The myCommunity object has a CountingSemaphore object, bicyclePool, initialized to the value 10 representing the availability of 10 bicycles. A parallel object like P1 that wants to obtain a bicycle executes the method bicyclePool.wait. For each such invocation, the associated integer is decremented by one and it if becomes zero, the process has to wait. In this way up to 10 processes can obtain a bicycle. When a process has finished using a bicycle it must return it and execute a bicyclePool.signal, which increments the associated integer.

We leave it as an exercise to the reader to rewrite the search-example to use locks and/or semaphores.

It is in general more safe to use a high-level synchronisation mechanism like a monitor than the above low-level mechanisms. Using locks and semaphores, a programmer may forget to invoke a wait– or signal-method, in which case race-conditions may appear. There is no way the language and compiler can guarantee that no such errors are made.

Common challenges in parallel programming

In this section, we mention some of the problems that often arise in parallel programming.

Deadlock

A deadlock is a situation where a set of parallel objects are blocked because each object is holding a resource and waiting for another resource acquired by some other object. 

As a real-life example, a deadlock may arise if two cars crossing a single-lane bridge from opposite directions and as long as none of the cars is willing to back, none of them can proceed.
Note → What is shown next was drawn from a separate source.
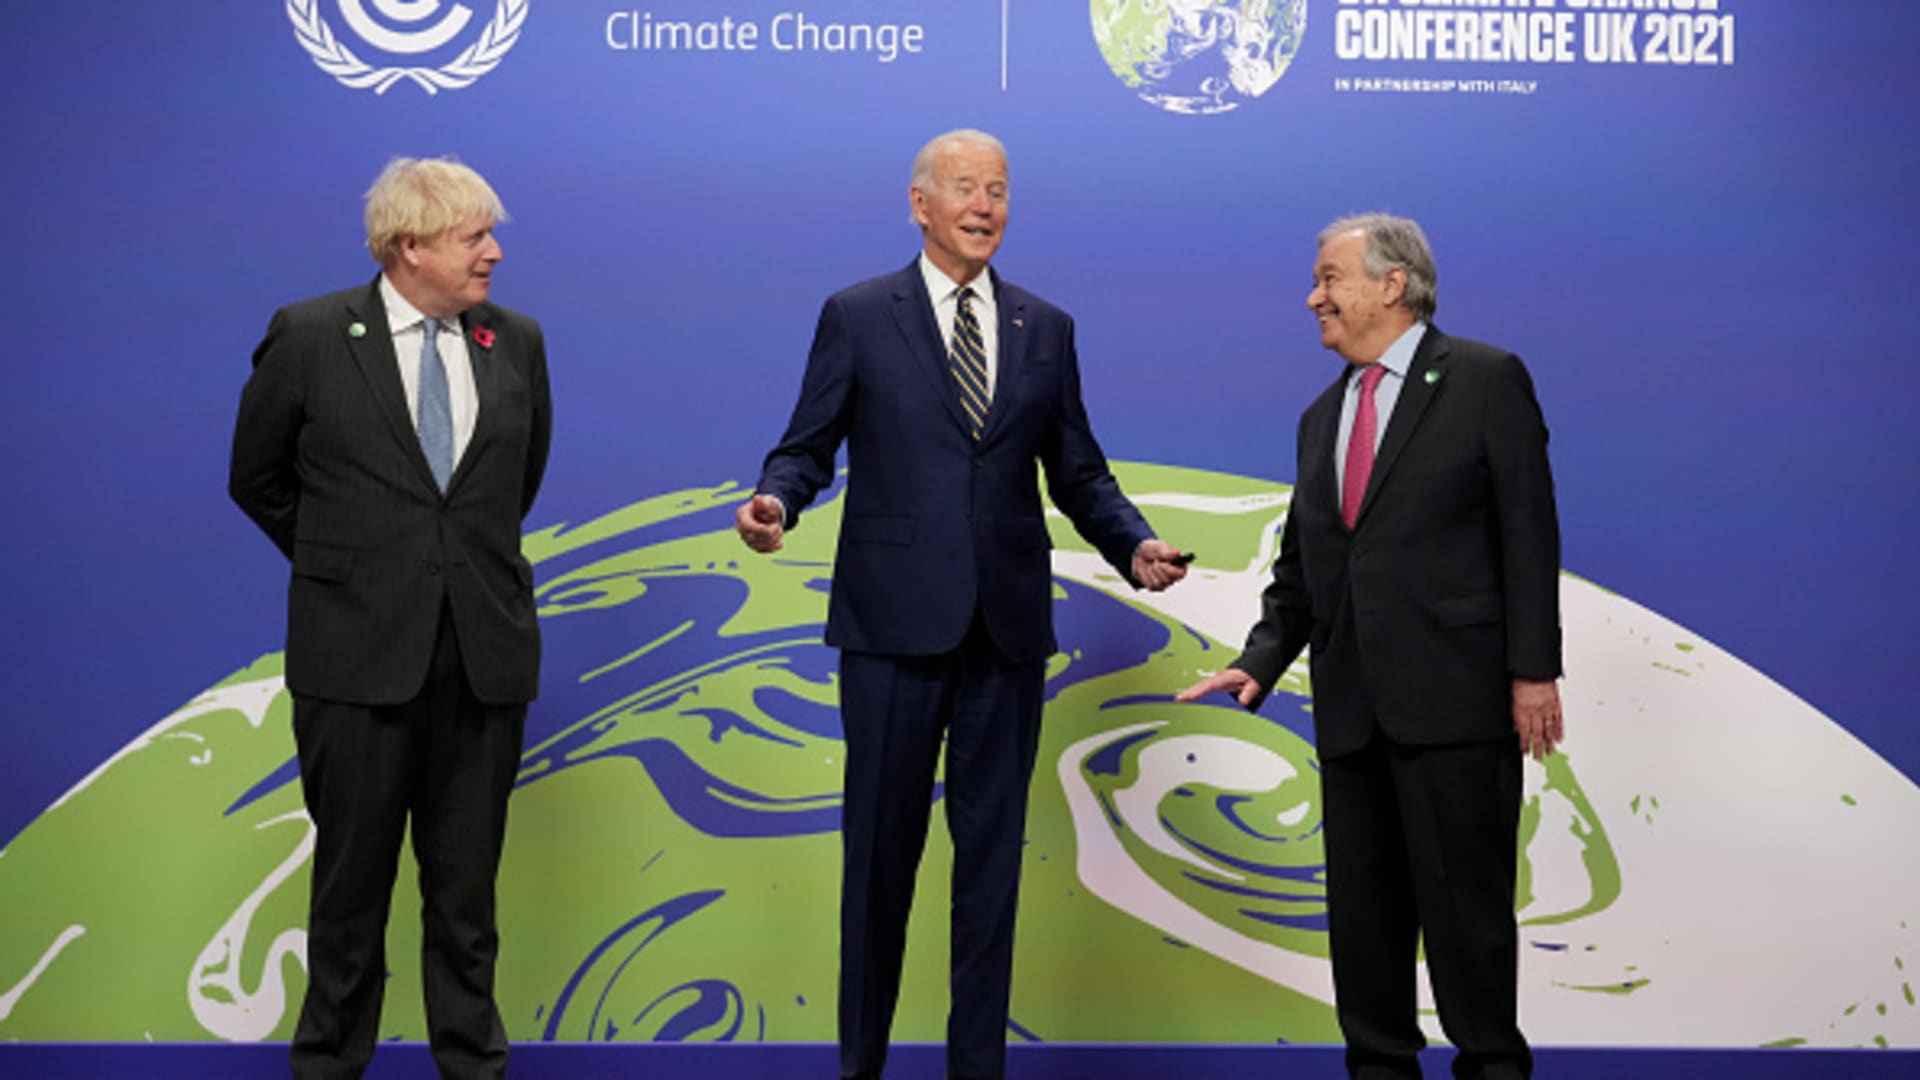 British Prime Minister Boris Johnson (L) and UN Secretary-General Antonio Guterres (R) greet U.S. President Joe Biden as they arrive for day two of COP26 at SECC on November 1, 2021 in Glasgow, Scotland.

As a programming example, we may use the bank system. If multiple clerks can make transactions on the accounts, one needs to synchronize acces to accounts. This can be done by introducing a lock for each account:

JohnSmithsAccount: obj Account("John Smith")
JohnSmitLock: obj Lock
lizaJonesAccount: obj Account("John Smith")
LizaJonesLock: obj Lock

A clerk, clerkA, may need to transfer money from JohnSmithsAccount to LizaJonesAccount, and to do this he/she needs to acquire the locks for these accounts:

clerkA: obj BasicProcess
   JohnSmithLock.wait
   LizaJonesLock.wait
   transfer(500,JohnSmithsAccount, lizaJonesAccount)
   JohnSmithLock.signal
   LizaJonesLock.signal

Another clerk, clerkB, may decide to transfer money from LizaJonesAccount to JohnSmithsAccount and thus acquire the locks:

clerkB: obj BasicProcess
   LizaJonesLock.wait
   JohnSmithLock.wait
   transfer(500,lizaJonesAccount,JohnSmithsAccount)
   LizaJonesLock.signal
   JohnSmithLock.signal

A situation may thus arise where clerkA has acquired JohnSmithLock and is waiting for LizaJonesLock while at the same time, clerkB has acquired LizaJonesLock and is waiting for JohnSmithLock. The implication of this is that the two clerks are waiting for each other to release a lock, but this cannot happen.

Starvation

Starvation or resource starvation is a problem encountered where a parallel object is constantly denied the necessary resource to carry out its work. Starvation can be caused by errors in the algorithms scheduling the parallel objects and/or the synchronisation mechanism like lock, semaphore, monitor, etc.

Termination

For an algorithm in general, it is an important property that it can be validated that the algorithm actually terminates – i.e. finishes its computation. For sequential algorithms, this can be more or less difficult. For parallel algorithms it may be even more difficult since it may involve a more or less complicated protocol where the various parallel objects involved in the algorithm communicate to each other that the algorithm should terminate.

Overhead

A system of parallel objects involves communication and synchronization between the objects and this gives an overhead compared to the core of the algorithm being computed. It is therefore necessary to be aware of the possible overhead when designing parallel systems.

Further reading/courses

We have previously said that in order to acquire the necessary skills to become a software developer, the reader must take a course in algorithms and data structures. To be able to develop parallel systems it is also necessary to take a course on parallel algorithms and data structures. This includes techniques to handle the above mentioned problems with deadlock, starvation, termination and overhead.